Lost & Found

“Australia Returns Two Stolen Ancient, Priceless Idols to India”

“Australia Returns Two Stolen Ancient, Priceless Idols to India”

via “IBNLive.com”

New Delhi: Australian Prime Minister Tony Abbott who is on a state visit to India is returning two looted idols seized from Australian museums during a meeting with the Prime Minister Narendra Modi in New Delhi on Friday.

Abbott is personally delivering the National Gallery of Australia’s Rs 30 crore ($5 million) Dancing Shiva or Nataraja Ardand and the Art Gallery of New South Wales’s Rs 2 crore ($300,000) Ardhanarishvara to Modi as a “gesture of good will” at a state reception at the Rashtrapati Bhawan in the evening.

Both priceless objects were stolen from temples in India and later sold to the museums by Manhattan dealer Subhash Kapoor, who, his gallery manager has admitted, created falsified ownership documents to hide their illicit origins.

Australia returns two stolen ancient, priceless idols to India

Australian Prime Minister Tony Abbott is personally delivering the Dancing Shiva or Nataraja Ardand and Ardhanarishvara to Narendra Modi.

The Australian returns mark the first major repatriations in the Kapoor case, but are unlikely to be the last.

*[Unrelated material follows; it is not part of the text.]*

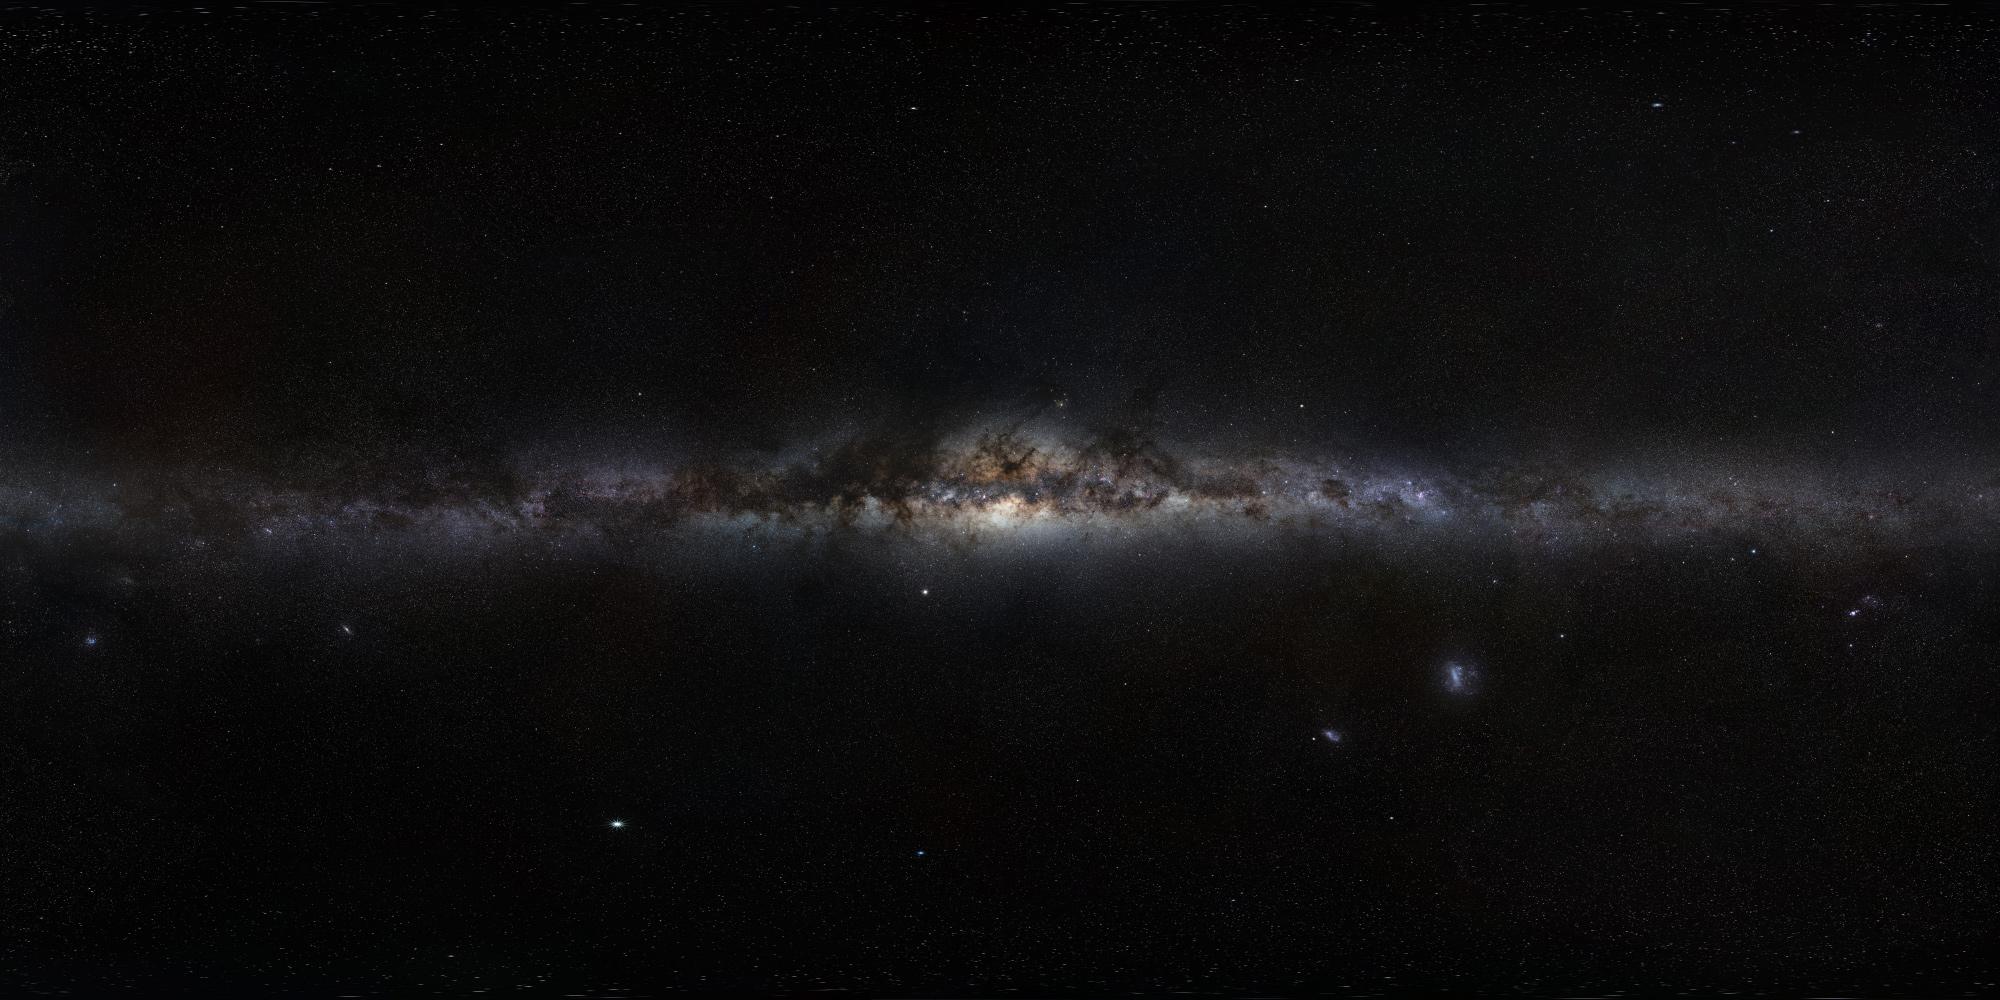 360-stopniowa panorama pokrywająca całe niebo południowej ipółnocnej sfery niebieskiej zwyraźnie widoczną wcałości

Dozens more Kapoor objects acquired by the Australian museums were sold with false ownership histories similar to those used with the returned objects. Several will likely play a prominent role in Kapoor’s criminal trial in Chennai, India, which has been on hold pending the return of the NGA’s looted Shiva says an exclusive website for the Hunt for Looted Antiquities in the World’s Museums ‘Chasing Aphrodite’.

The Tamil Nadu Police had produced evidence to establish that the idol was stolen from a temple at Sripuranthan in Tamil Nadu. They had arrested Kapoor for his alleged involvement in the theft. He is now lodged in the Chennai prison and is facing trial.

Meanwhile, Kapoor’s international network of looters and smugglers is still being mapped by authorities in the United States, who have already seized over Rs 600 crore ($100 million) in art from the dealer’s Manhattan gallery and storage facilities.

Federal investigators in the United States are methodically working through mountains of evidence seized from Kapoor, probing his ties to a number of American and foreign museums that did business with the dealer. Indian authorities, meanwhile, are considering a broader campaign to reclaim stolen antiquities from foreign institutions.

Over the past two years, we’ve traced hundreds of suspect Kapoor objects to museums around the world. To date, the Kapoor case has received the most attention in Australia, whose National Gallery for months stonewalled press and government inquiries and dismissed mounting evidence before agreeing to take the stolen idol off display. The Art Gallery of New South Wales took a slightly more proactive approach, releasing the ownership history that Kapoor supplied for its sculpture of Ardhanarishvara (left.) Soon after, Indian art blogger Vijay Kumar identified the temple from which the sculpture was stolen. . . . .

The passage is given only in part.